Sensitivity of Methyl Thiolate Desulfurization Selectivity to Reaction Temperature and Hydroxyl Coverage

• Published in: Langmuir Vol. 20; no. 26; pp. 11443 - 11449
• Main Authors: Kang, D. H, Friend, C. M
• Format: Journal Article
• Language: English
• Published: United States American Chemical Society 21.12.2004
• ISSN: 0743-7463; 1520-5827
• DOI: 10.1021/la048822n

The adsorption and reaction of methanethiol (CH3SH) and dimethyl disulfide (CH3SSCH3) on Mo(110)−(1 × 6)−O have been studied using temperature-programmed reaction spectroscopy and reflection−absorption infrared spectroscopy over the temperature range of 110−550 K. The S−H bond is broken upon adsorption to form adsorbed OH, water, and methyl thiolate (CH3S−) at low temperature. Water is evolved at 210 and 310 K via molecular desorption and disproportionation of OH, respectively. Some hydroxyl remains on the surface up to 350 K. Methyl thiolate is also formed from CH3SSCH3 on Mo(110)−(1 × 6)−O. Methyl thiolate undergoes C−S cleavage above 300 K, yielding methane and methyl radicals. There is also a minor amount of nonselective decomposition leading to the formation of carbon and hydrogen. Methane production is promoted by adsorbed hydroxyl. As the hydroxyl coverage increases, the yield of methyl radicals relative to methane diminishes. Accordingly, there is more methane produced from methanethiol reaction than from dimethyl disulfide, since S−H dissociation in CH3SH produces OH. The maximum coverage of the thiolate is ∼0.5 monolayers, based on the amount of sulfur remaining after reaction measured by Auger electron spectroscopy.
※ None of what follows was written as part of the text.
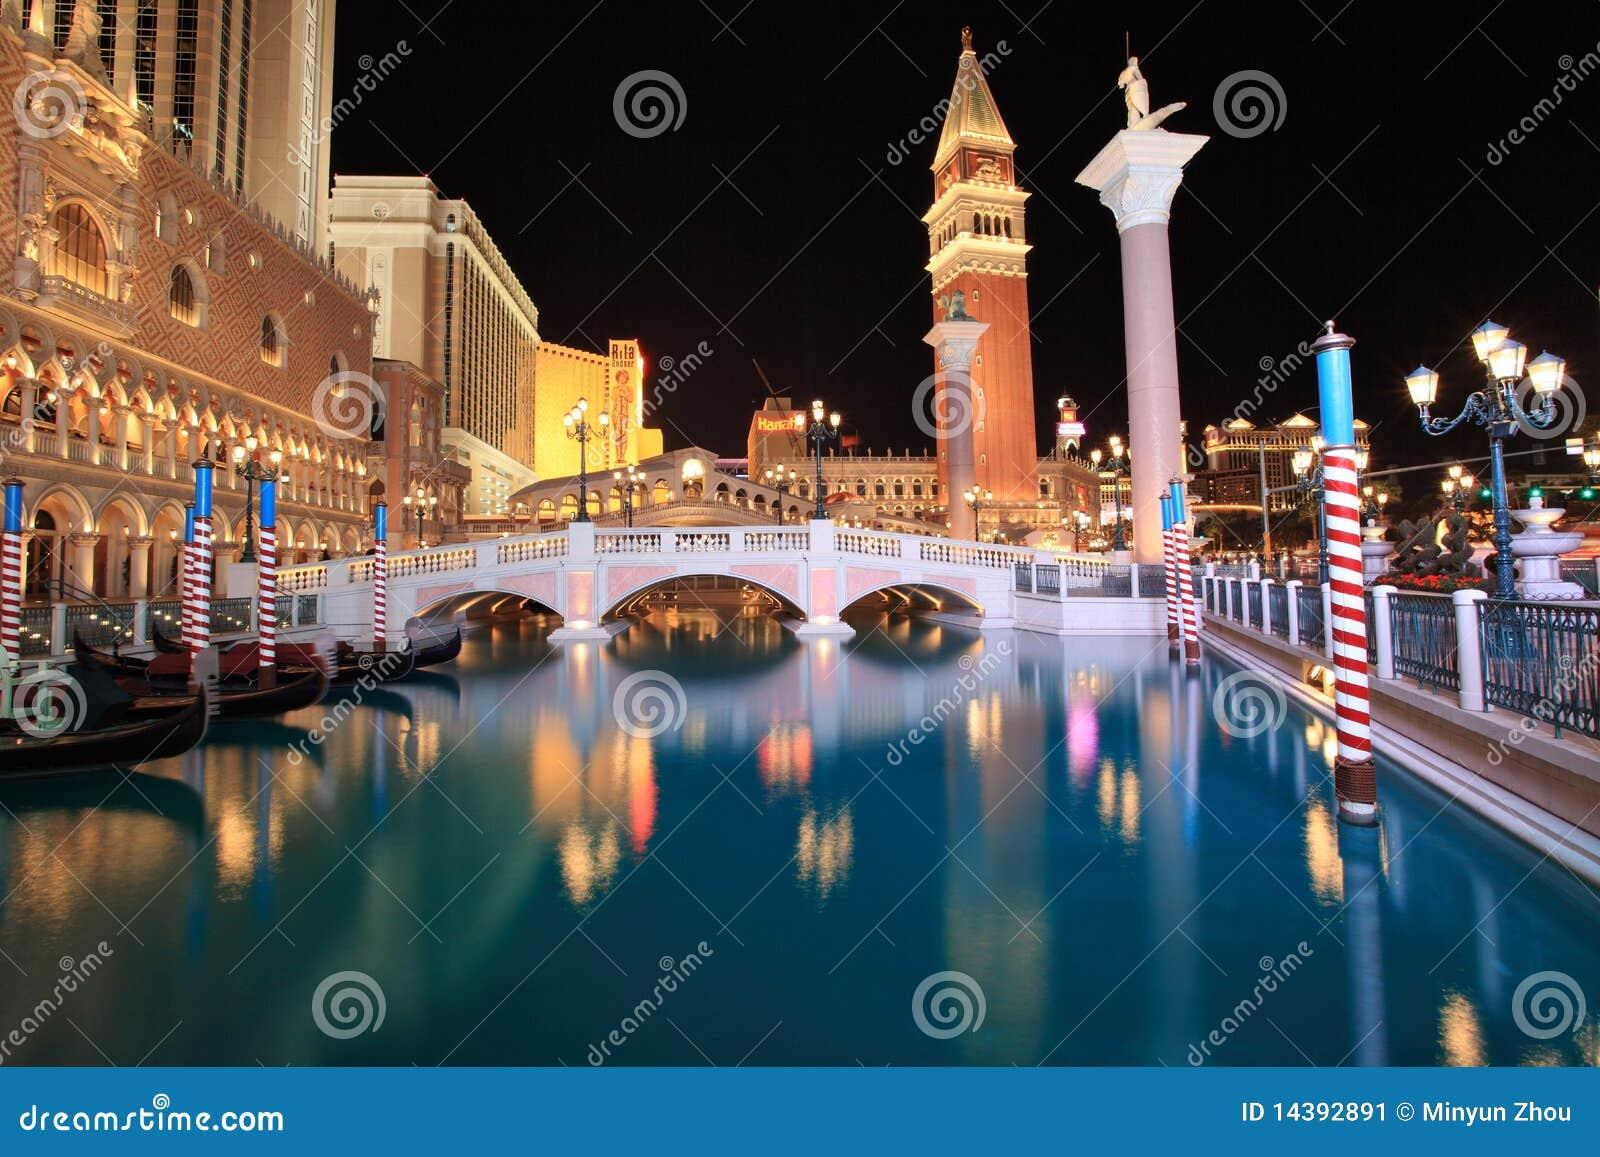 Venetian casino in las vegas editorial photo image of - Hotel las gaunas en logrono ...

In contrast to cyclopropylmethanethiol (c−C3H5CH2SH), for which alkyl transfer from sulfur to oxygen is observed, there is no evidence for transfer of the methyl group of methyl thiolate to oxygen on the surface. Specifically, there is no evidence for methoxy (CH3O−) in infrared spectroscopy or temperature-programmed reaction experiments.